The only legal party in Vietnam, it has so far followed consensus-based decisionmaking, preventing the emergence of a single all-powerful leader.
Party General Secretary To Lam is challenging that model, seeking to become president as well as party chief.
Photo: AFP
About 1,600 delegates representing the party’s five million members are to assemble in Hanoi for a week of closed-door meetings.
They would vote about 200 members onto the party’s Central Committee, which in turn selects between 17 and 19 members of the powerful politburo.
The general secretary is considered the country’s top leader, but the politburo also selects the other “pillars” of Vietnam’s collective system of government: the president, prime minister, National Assembly chairman and standing member of the Central Committee’s Secretariat.
The president, prime minister and National Assembly chairman must be approved by a vote in the legislature.
Lam is set to retain his post as Vietnam’s top leader, according to sources briefed on party deliberations.
Lam spent much of his career in the secretive Vietnamese Ministry of Public Security, and his party faction is seen as aligned with the police.

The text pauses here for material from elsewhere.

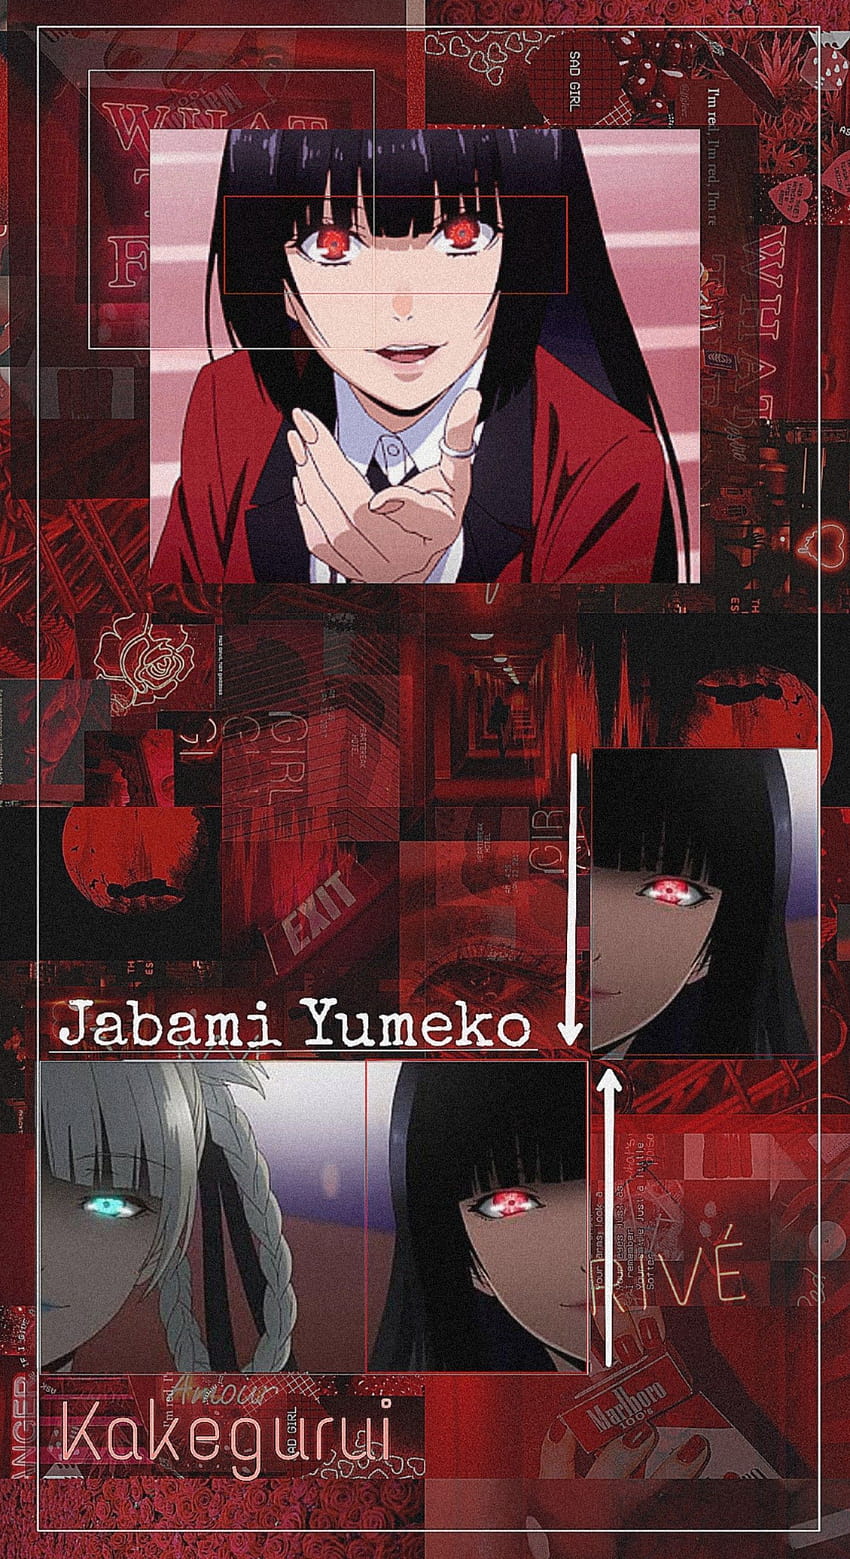 Jabami Yumeko - Kakegurui - Wallpaper by Tomari #2447644 - Zerochan Anime  Image Board

The other main grouping is aligned with the military.
Vietnamese President Luong Cuong, a former army general, could stay in his post or be replaced — either by Lam or by military-backed Vietnamese Minister of National Defense Phan Van Giang, analysts said.

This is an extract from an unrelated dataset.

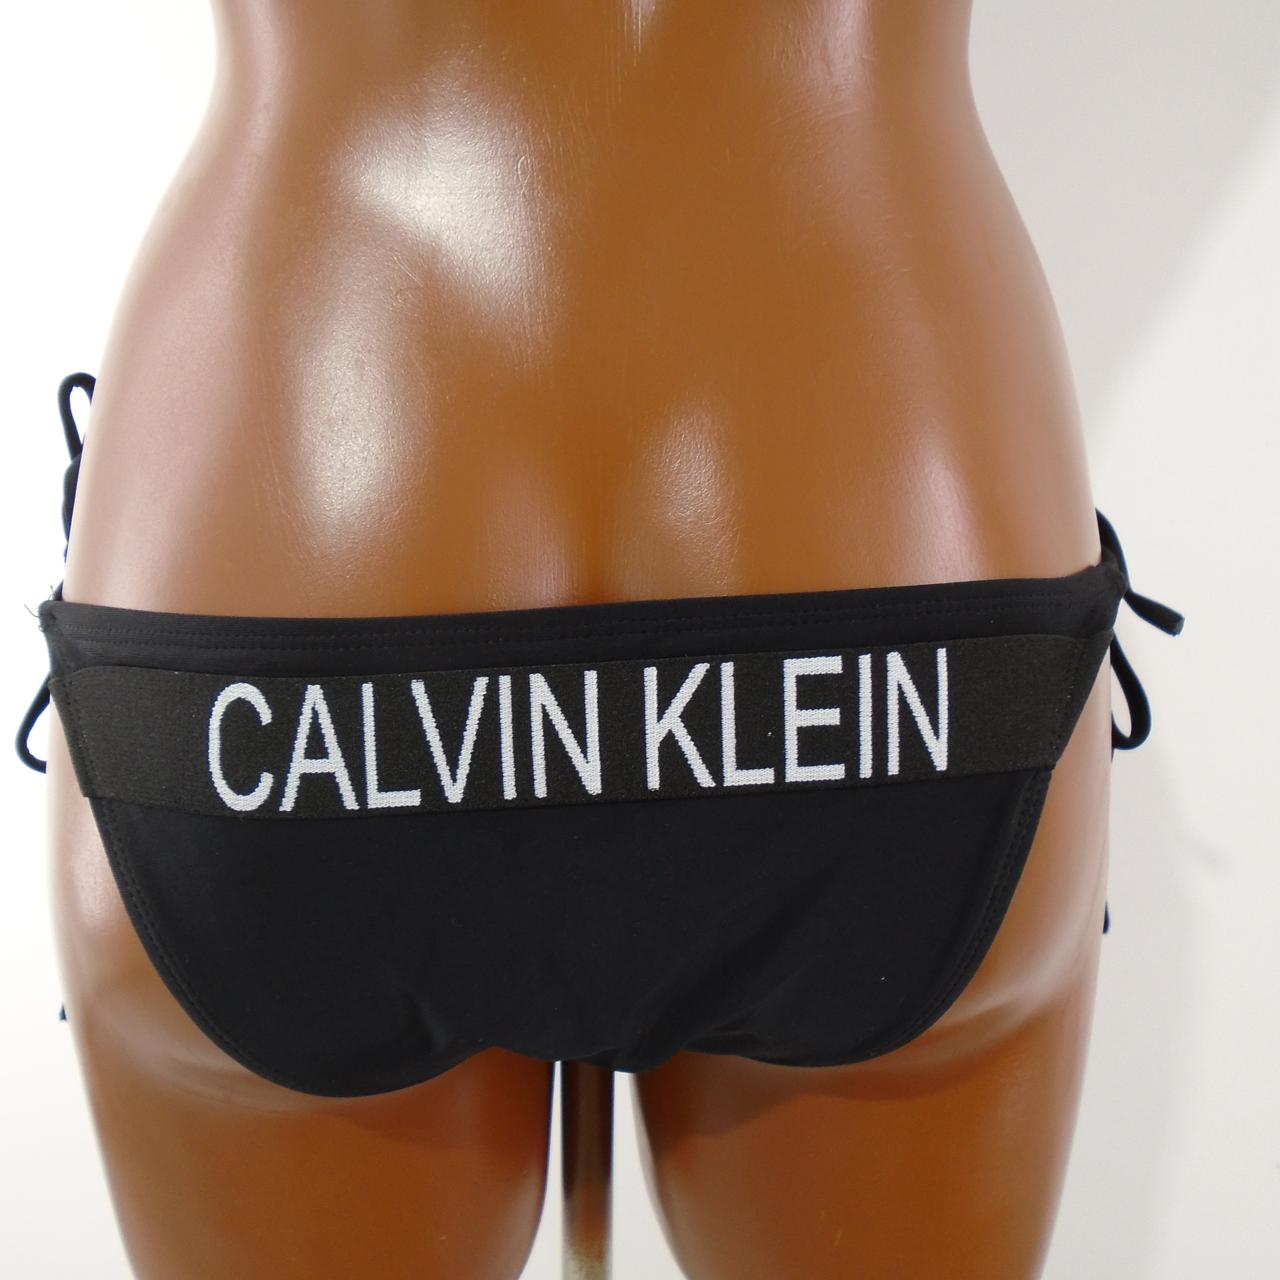 Women's Swimsuit Calvin Klein. Black. S. Used. Good

The politburo makeup would be the best measure of Lam’s dominance, said Nguyen Khac Giang, a visiting fellow at Singapore’s ISEAS-Yusof Ishak Institute.
If there is a balance of power between the two factions, then Lam would be “first among equals but that doesn’t mean he has the power to do what he wants,” he said.
Having pruned the administrative state and cut red tape, experts say Lam would focus on spurring private-sector growth, and digital and technological progress.
The party has set an ambitious 10 percent annual economic growth target for the next five years.
The party is unlikely to relax its tight control of the media or harsh treatment of dissidents, more than 160 of whom are in jail, according to Human Rights Watch.
Derek Grossman, a Vietnam expert at the University of Southern California, said Lam’s leadership “heavily draws upon his tenure as security minister, suggesting that crackdowns on political dissent could become more common.”
Lam has maintained his predecessor’s “bamboo diplomacy” approach, looking to stay on good terms with the world’s major powers.
Ahead of the congress, senior cadres identified rivalry between Vietnam’s top trading partners, the US and China, as a major impediment to reaching this year’s growth target.
They are expected to pass a resolution elevating foreign affairs to a “core” national function, alongside national defense and internal security.
“Diplomatic diversification is the key method of achieving growth goals,” said Khang Vu, a Vietnam expert and visiting scholar at Boston College.